The material below is to be copied exactly from the line with "M.F. Agha - Untitled (Pigs Head)-1930" up to and including the line with "philips 飞利浦 洁熙led集成吊顶遥控数码版浴霸 ptc暖风空调型 含", with nothing else kept and no pictures.

Exercise data:
------------------------------------------------------------------------

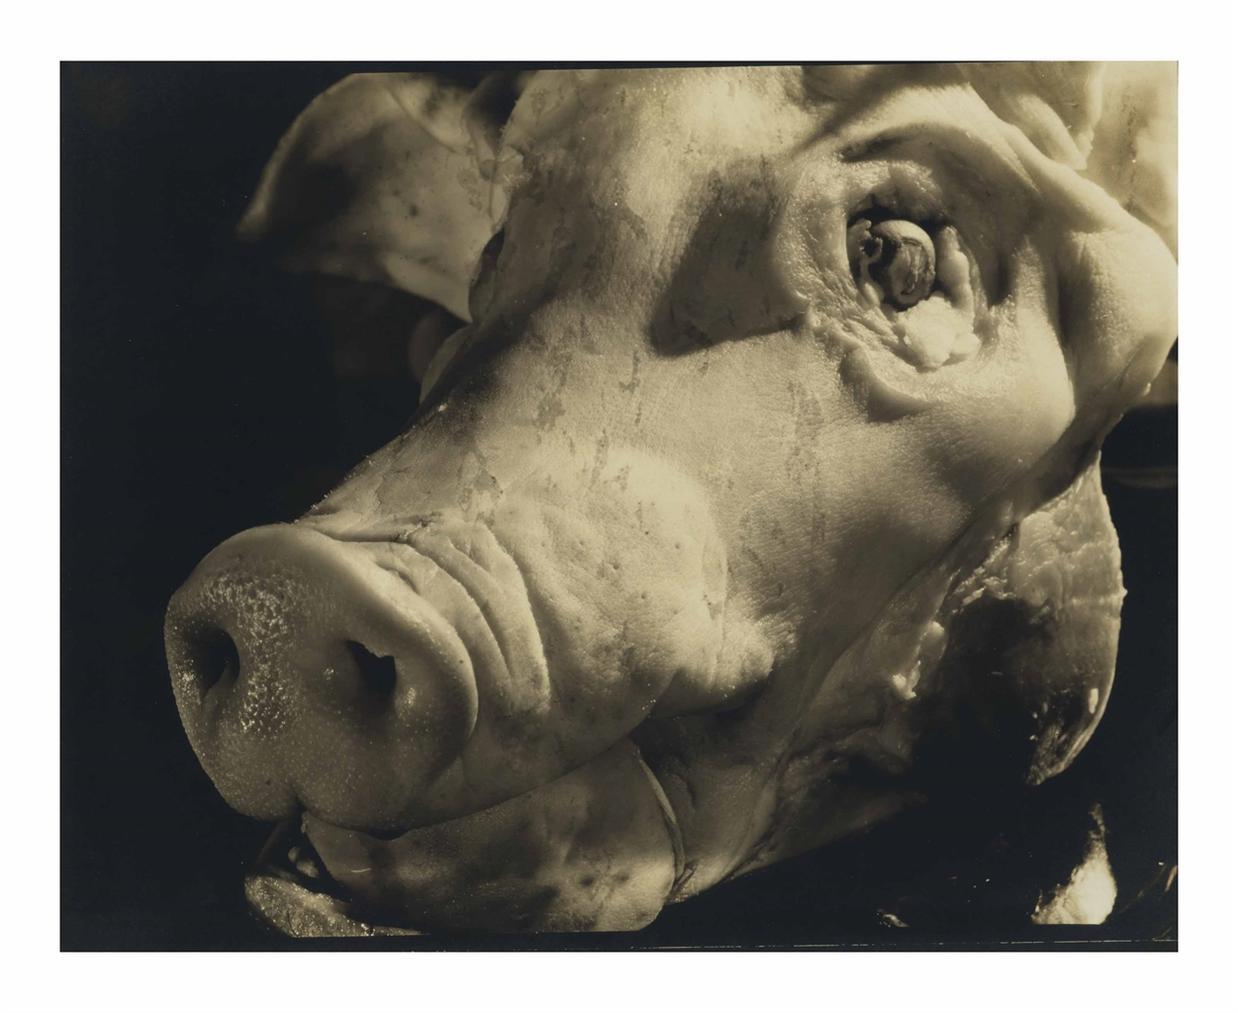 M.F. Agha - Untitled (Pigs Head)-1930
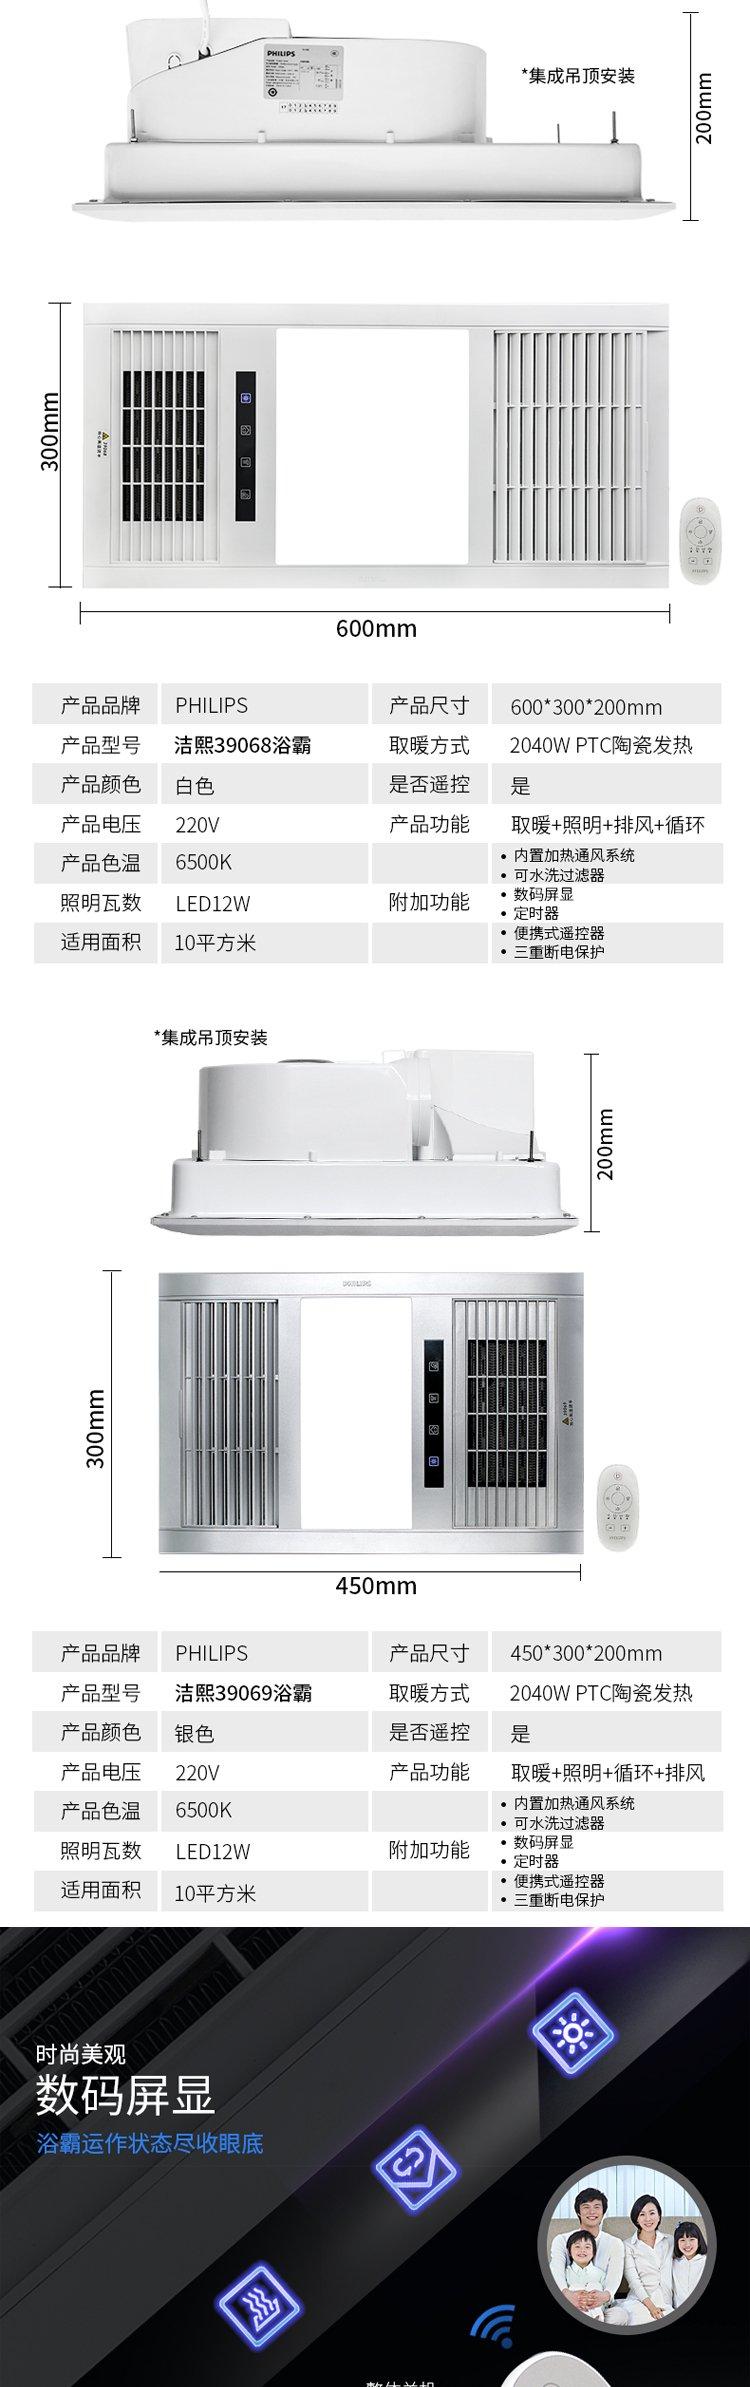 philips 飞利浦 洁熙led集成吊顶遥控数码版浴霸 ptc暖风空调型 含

------------------------------------------------------------------------

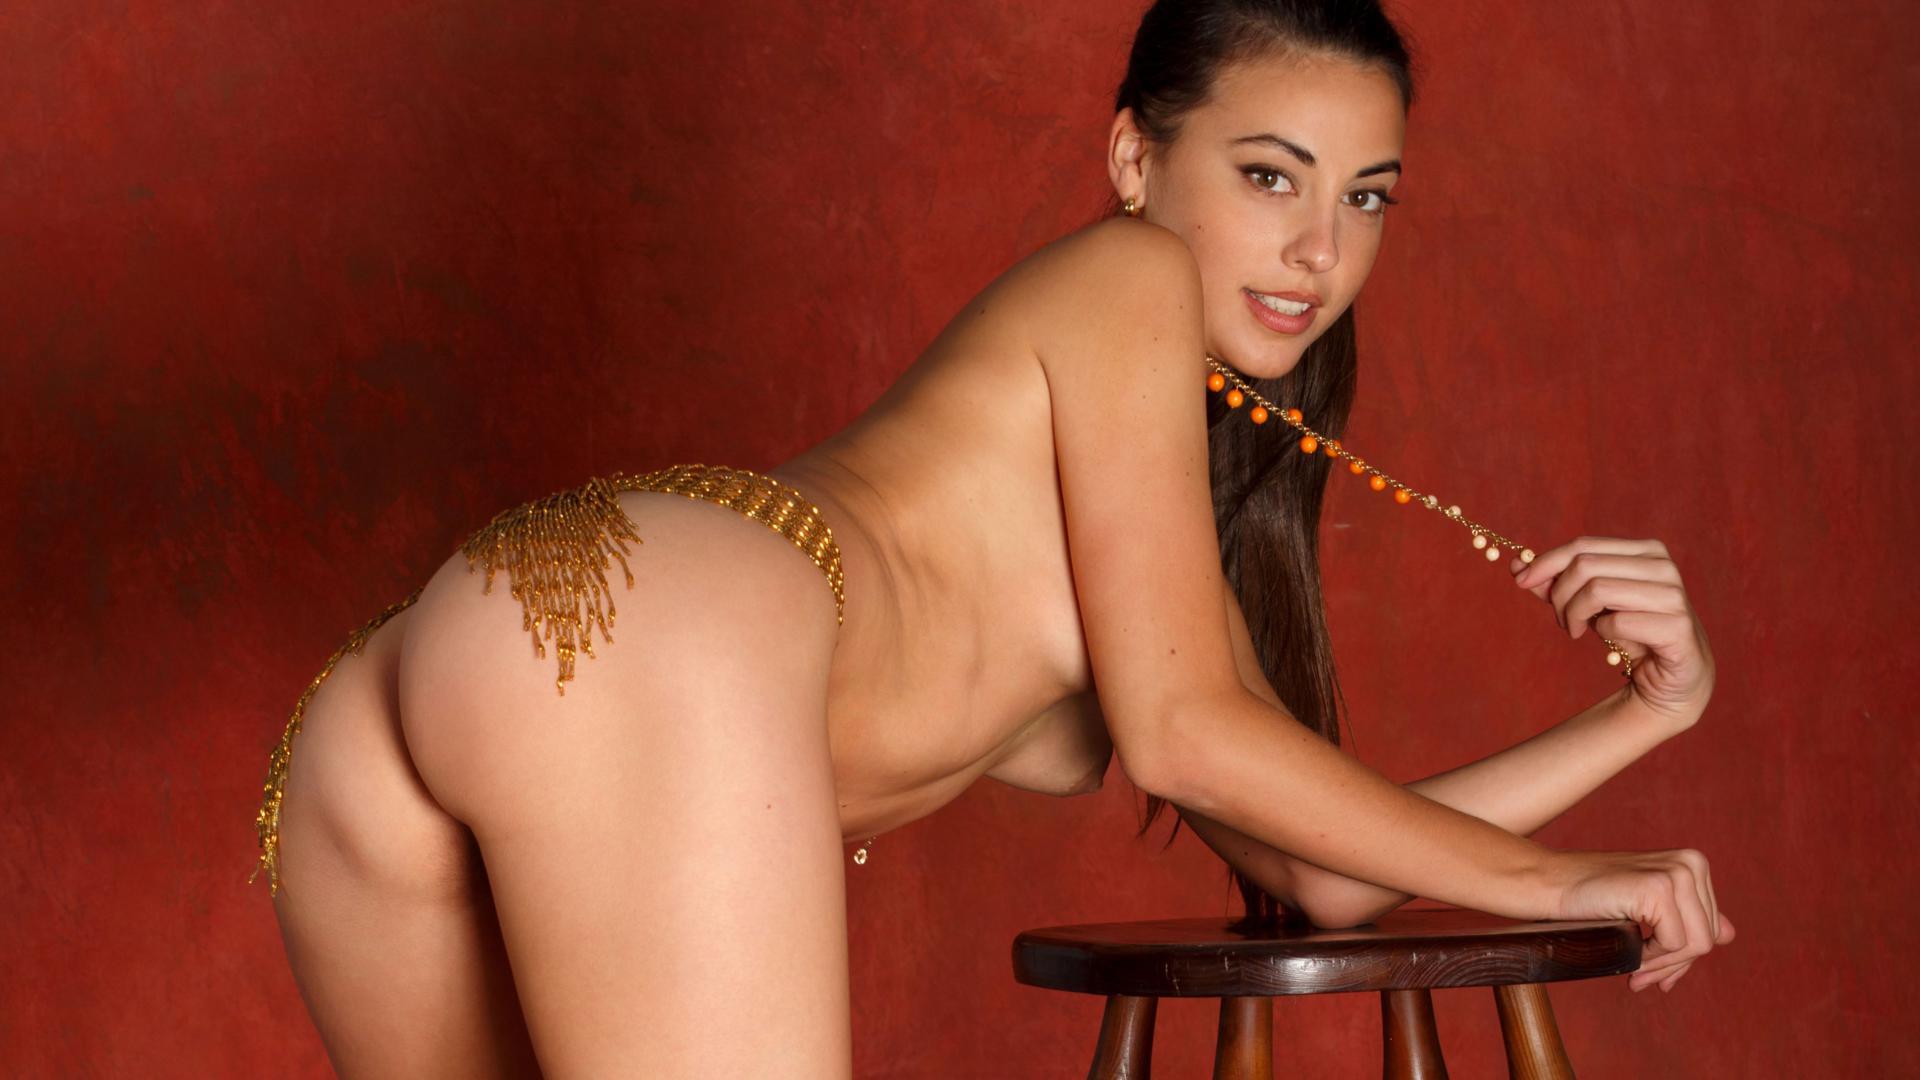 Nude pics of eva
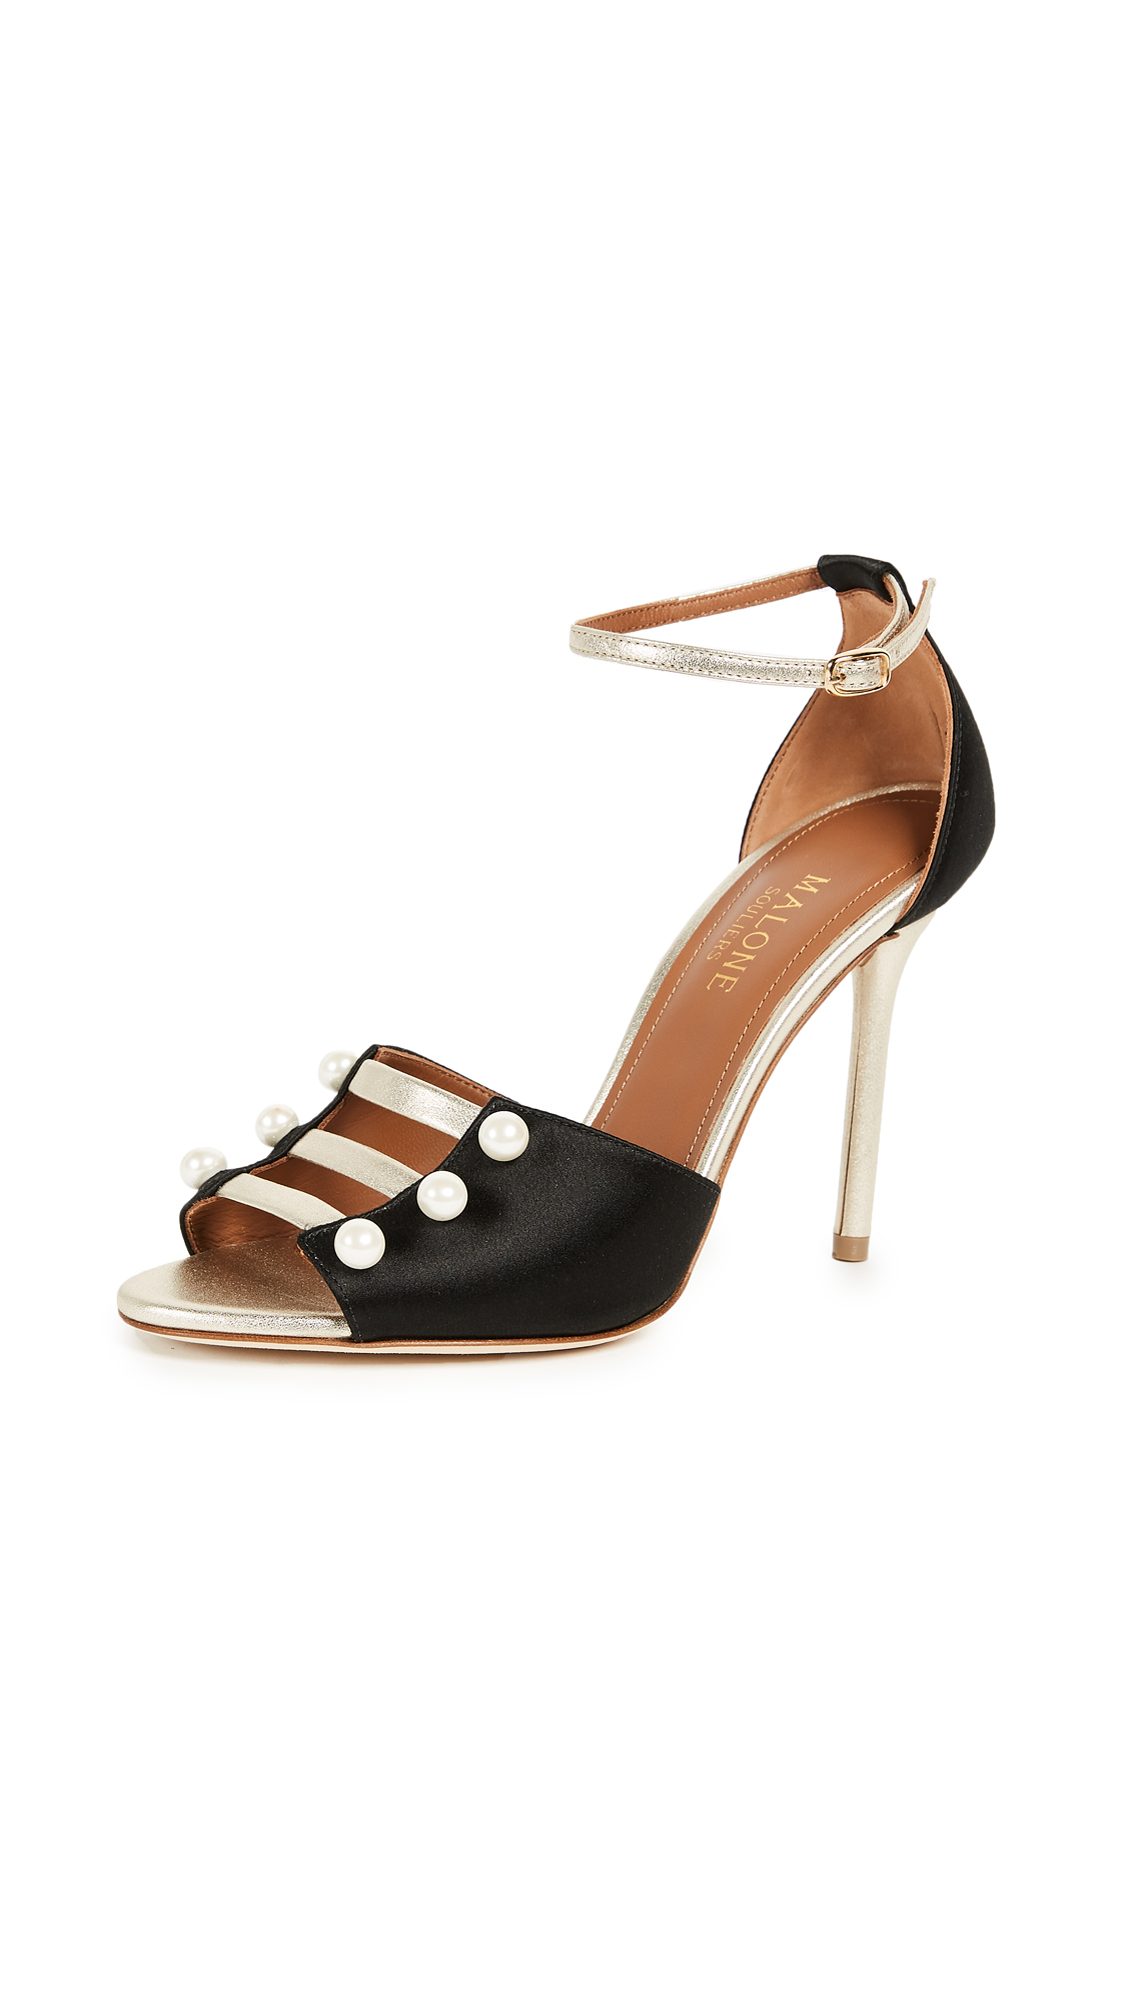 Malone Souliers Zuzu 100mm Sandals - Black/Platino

------------------------------------------------------------------------

Result:
 M.F. Agha - Untitled (Pigs Head)-1930
 philips 飞利浦 洁熙led集成吊顶遥控数码版浴霸 ptc暖风空调型 含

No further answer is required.